WHO: Jasper Reynard, Jess Winters, and an eventual appearance by Carol.
WHAT: A bedside visit, and the sort-of-boyfriend-doctor-thing meets the mother-in-law. Awkward results.
WHERE: Mt. Sinai hospital.
WHEN: Friday, May 23, evening -- after these two entries.


REYNARD: By all counts, it wasn't a particularly well-timed disaster. There was no sense of building drama with stirring background music -- it just happened, which is how these things normally went. Just like the previous mess with the Ripper, Reynard was not in time to be amongst the wave of concerned friends, well-wishers and knights in shining armour assaulting Jess' journal; he had, in fact, missed the entry entirely. It was the result of having a job, and a stressful one at that.

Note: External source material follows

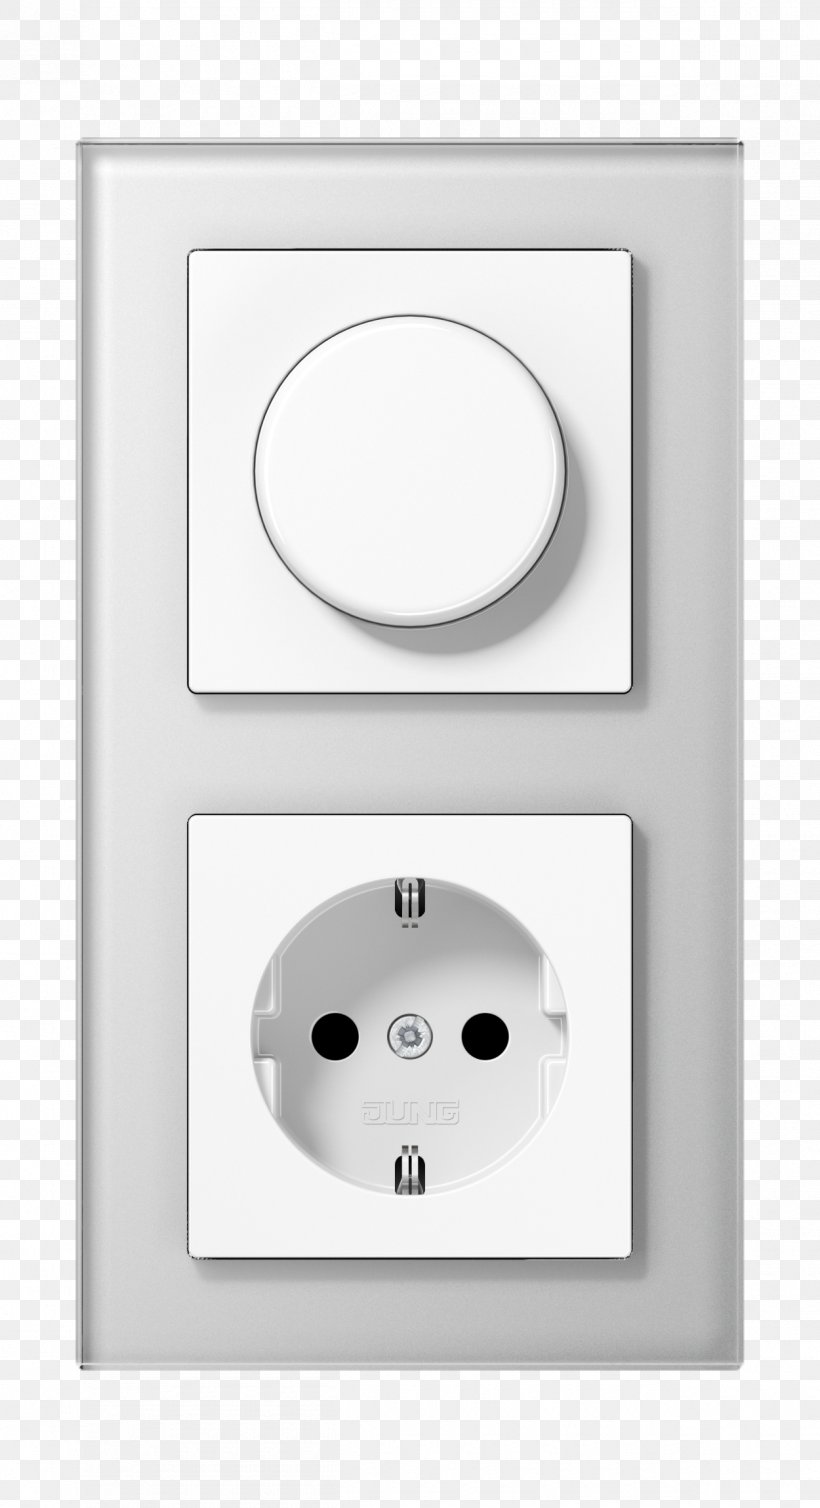 AC Power Plugs And Sockets Esprit Holdings Factory Outlet Shop Network Socket Contactdoos, PNG, 1250x2300px, Ac Power Plugs And Sockets, Ac Power Plugs And Socket Outlets, Art, Contactdoos, Esprit Holdings Download Free
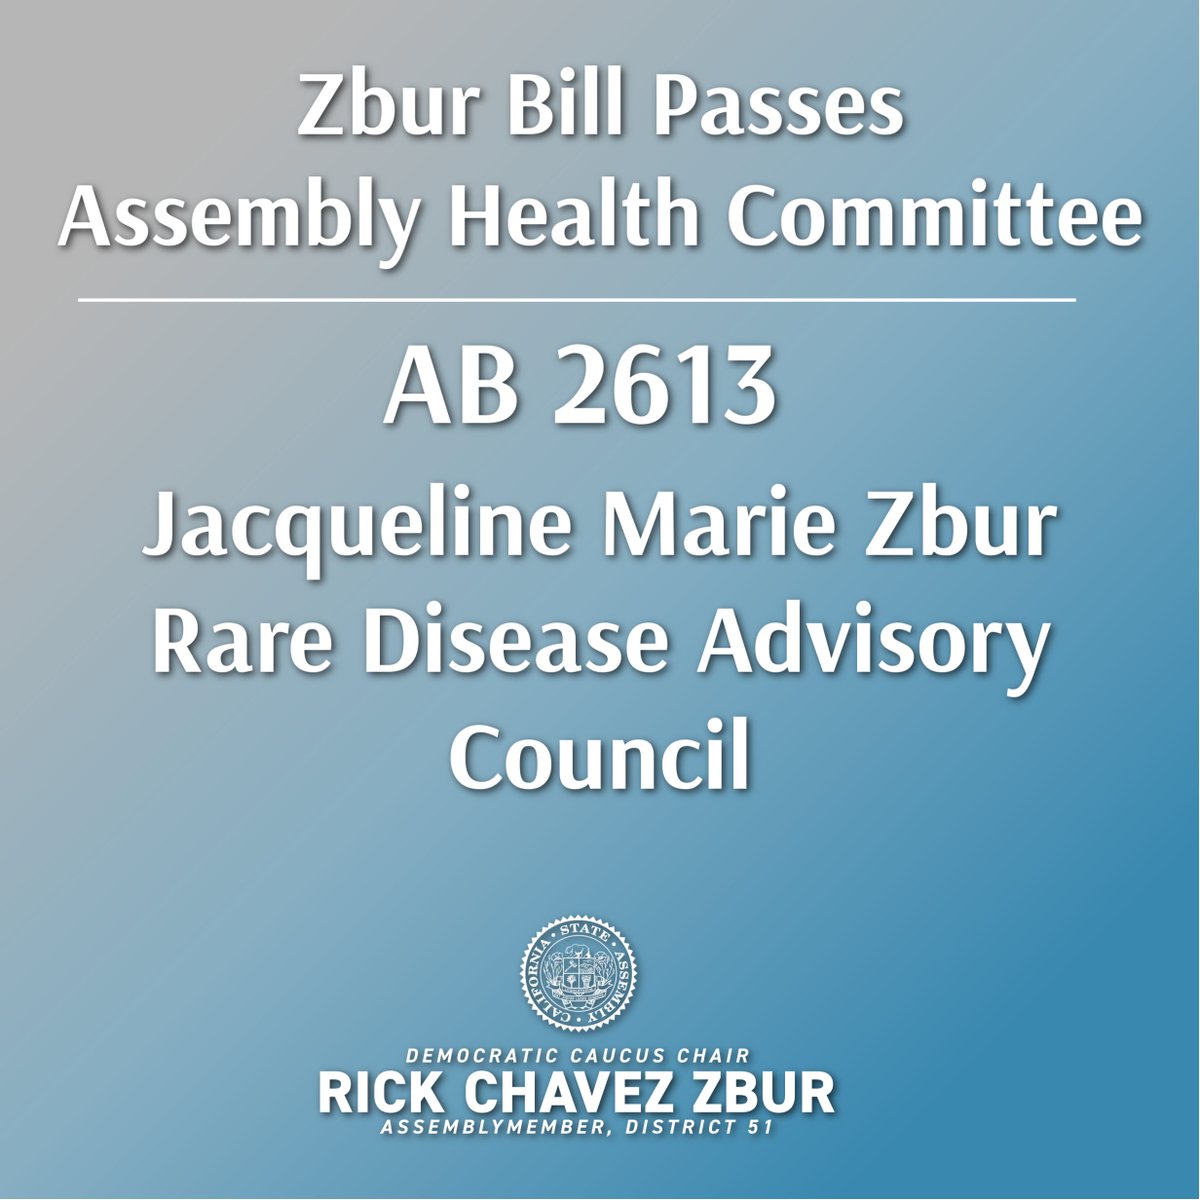 (1/2) In 2020, my beloved sister Jackie died from ALS. Although bittersweet, I am proud to announce that #AB2613, my bill to create a Rare Disease Advisory Council - named in my sister's memory - has cleared the Assembly Health Committee.

He was not standing conveniently by the front doors when they rushed her into his very own hospital. He didn't see frantic runs with gurneys down the hallways of Mt. Sinai. No, he had just come out of a late surgery -- he was talking to a nurse on the fourth floor -- he enjoyed another cup of coffee before retreating back to his office to check his voicemail and wrap up the paperwork on a patient.

Then he saw her name on the first page of his compendium: Chelsea's entry spreading the news. Trust the journal system to remain a steadfast source of gossip. And though their efforts to save their friend were all well and good, Chelsea St. Clair and Leo Cole had one very large drawback against them when it came to travel time:

They didn't work at Mt. Sinai.

Reynard stopped at the reception, asked around, drew one coworker to the side, and eventually the fruits of his interrogation led to one particular hospital room, a bundle of flowers from the giftshop tucked under one arm.

"Jess."

JESS: She couldn't even remember falling. One minute she was scrawling a message in her journal--she'd been so tired, she couldn't understand it--the next, nothing. Waking up with half a dozen masked men looming over her, a white light shining in her face. Had any of her limbs been working properly, she would have shoved them off, pushed them away; but it seemed like she could barely lift her head, let alone get her arms to move. She faded in and out of consciousness, never quite aware of what was going on, who was touching her, what was in that syringe--it was like a bad horror film--worse--Jesus shit, where was her son?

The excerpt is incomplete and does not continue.